:: STORED DATA ::

= = = = = = =

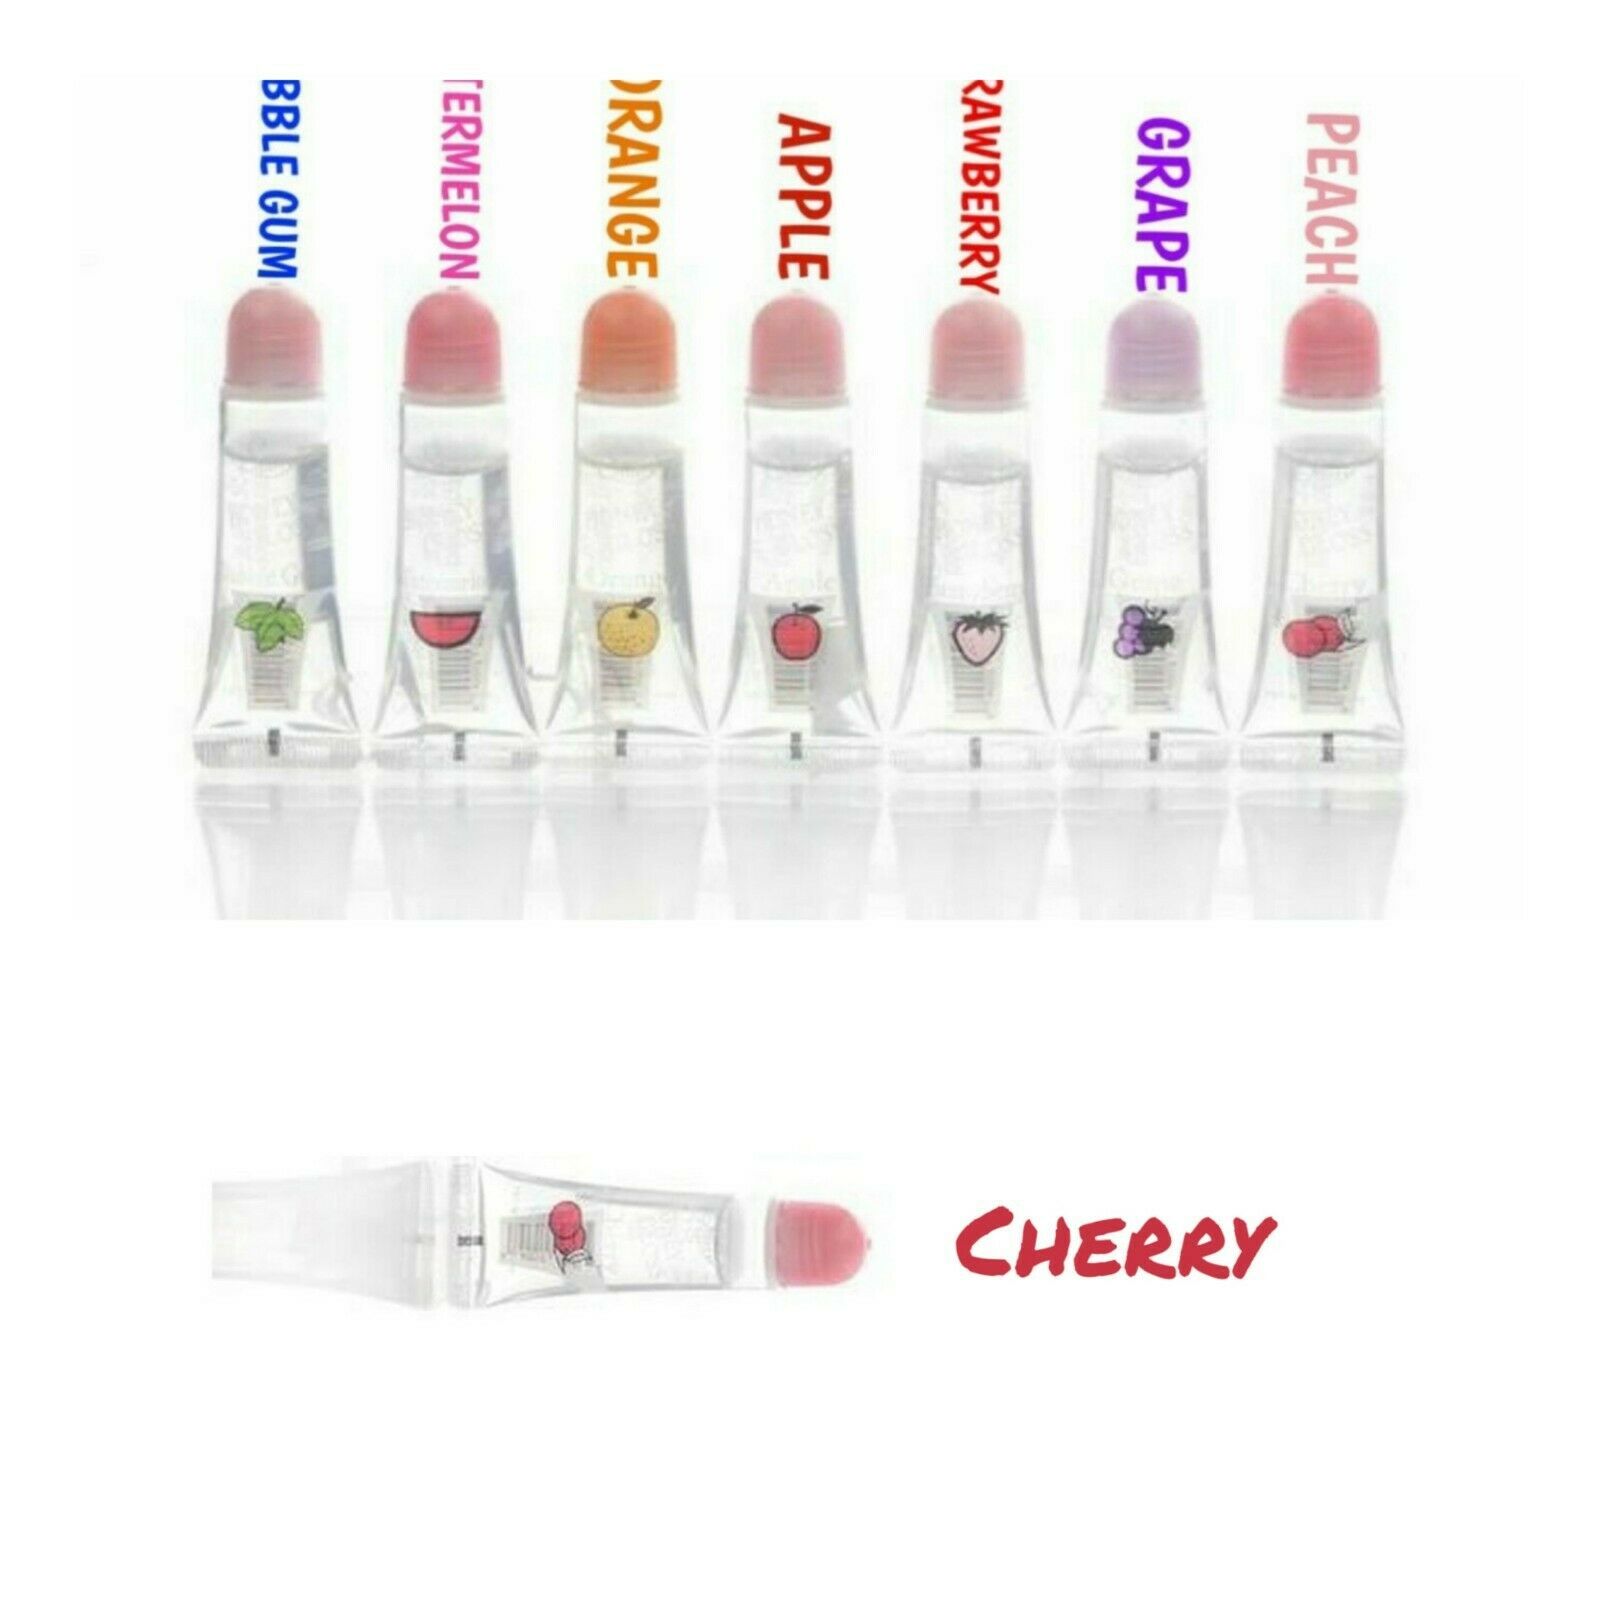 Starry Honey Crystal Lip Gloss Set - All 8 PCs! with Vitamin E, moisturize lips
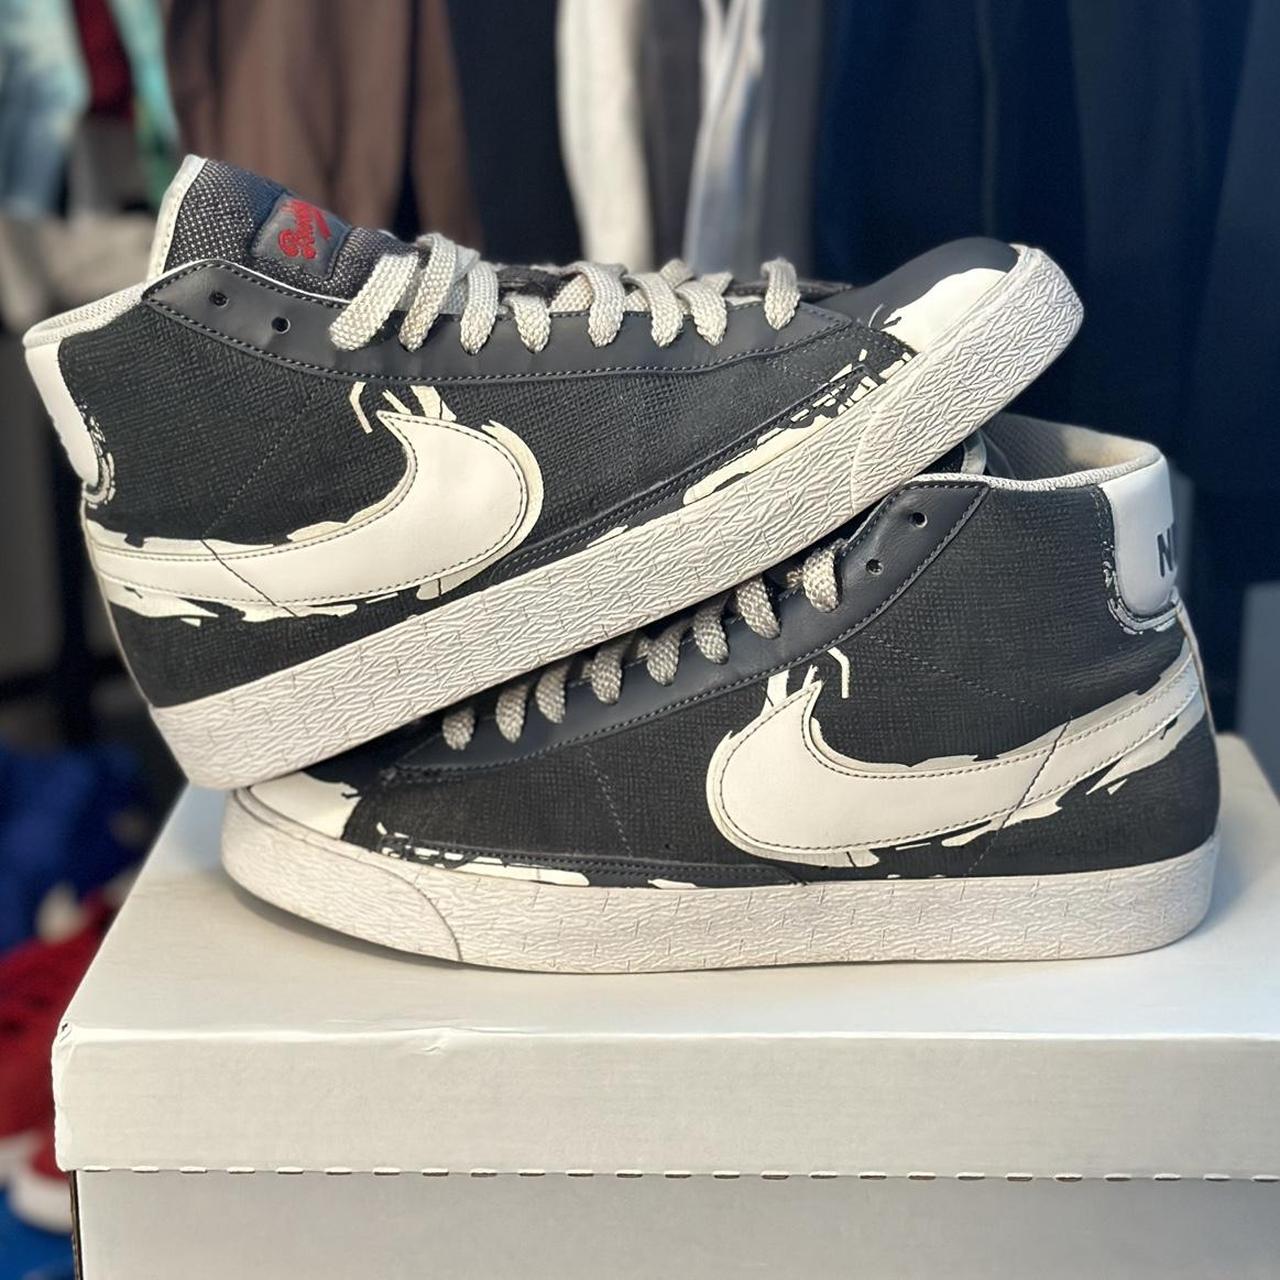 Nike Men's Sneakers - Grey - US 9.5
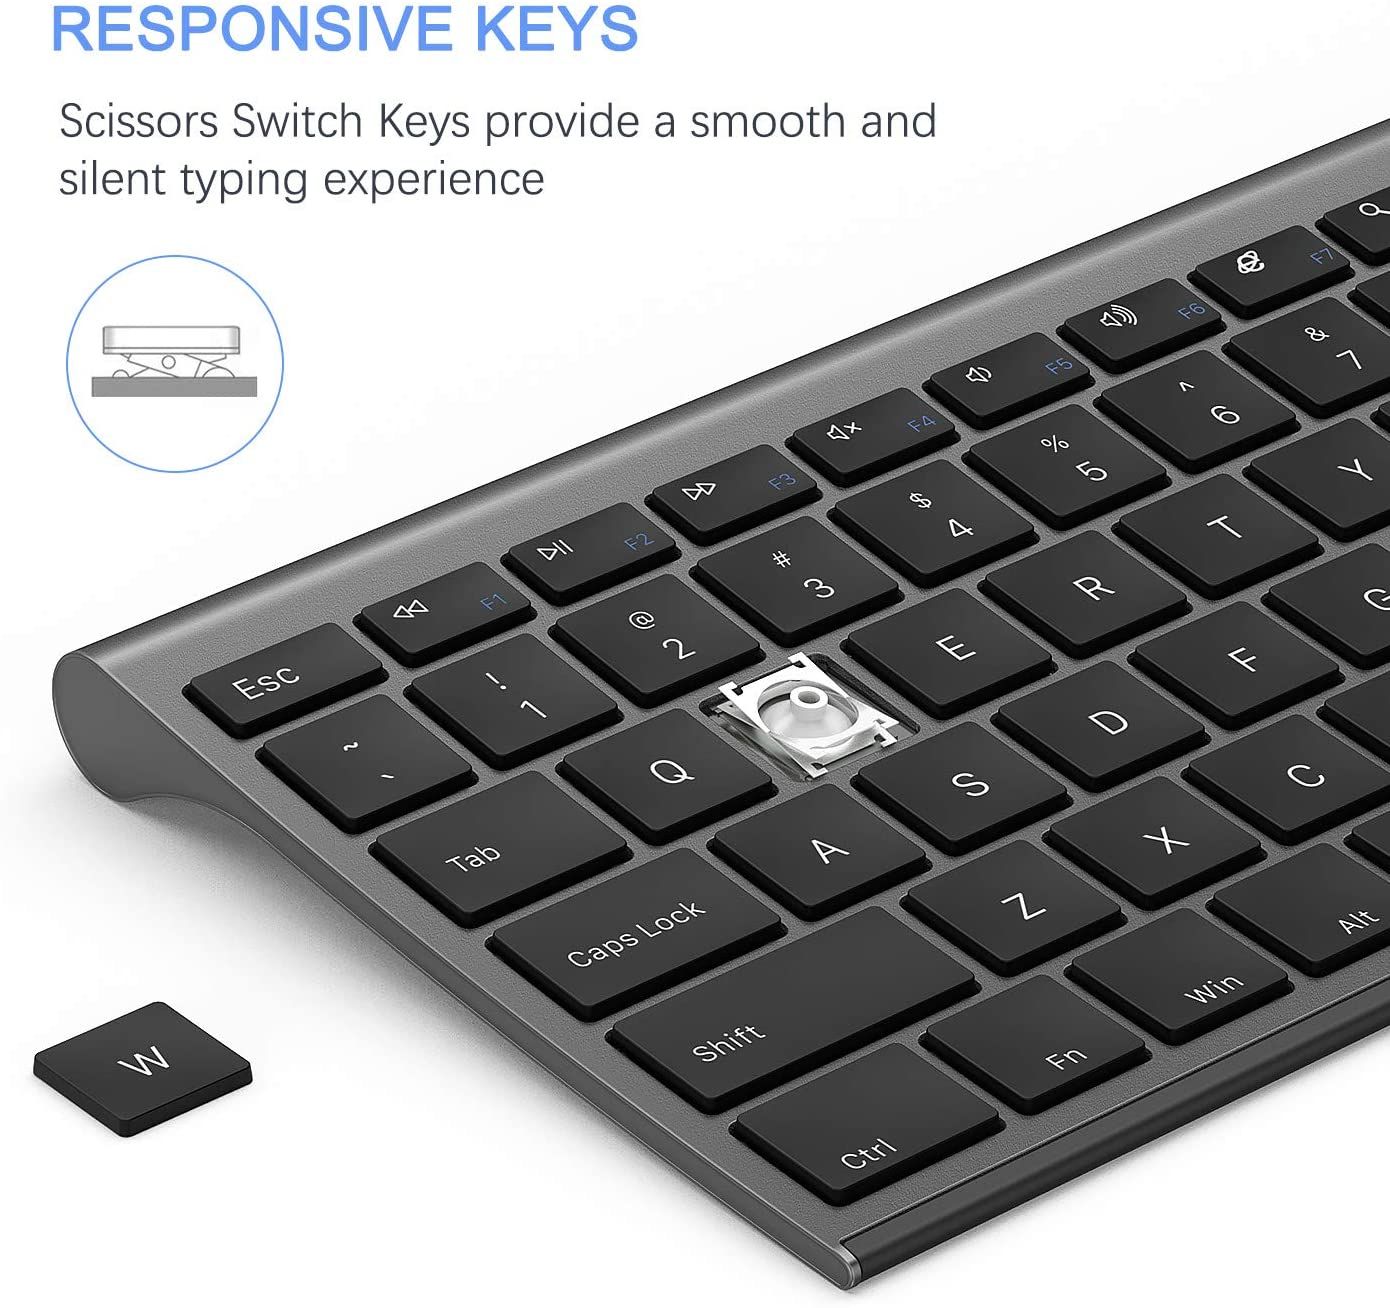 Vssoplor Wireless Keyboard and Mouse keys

= = = = = = =

Word for word, retype the material above without its pictures.

 Starry Honey Crystal Lip Gloss Set - All 8 PCs! with Vitamin E, moisturize lips
 Nike Men's Sneakers - Grey - US 9.5
 Vssoplor Wireless Keyboard and Mouse keys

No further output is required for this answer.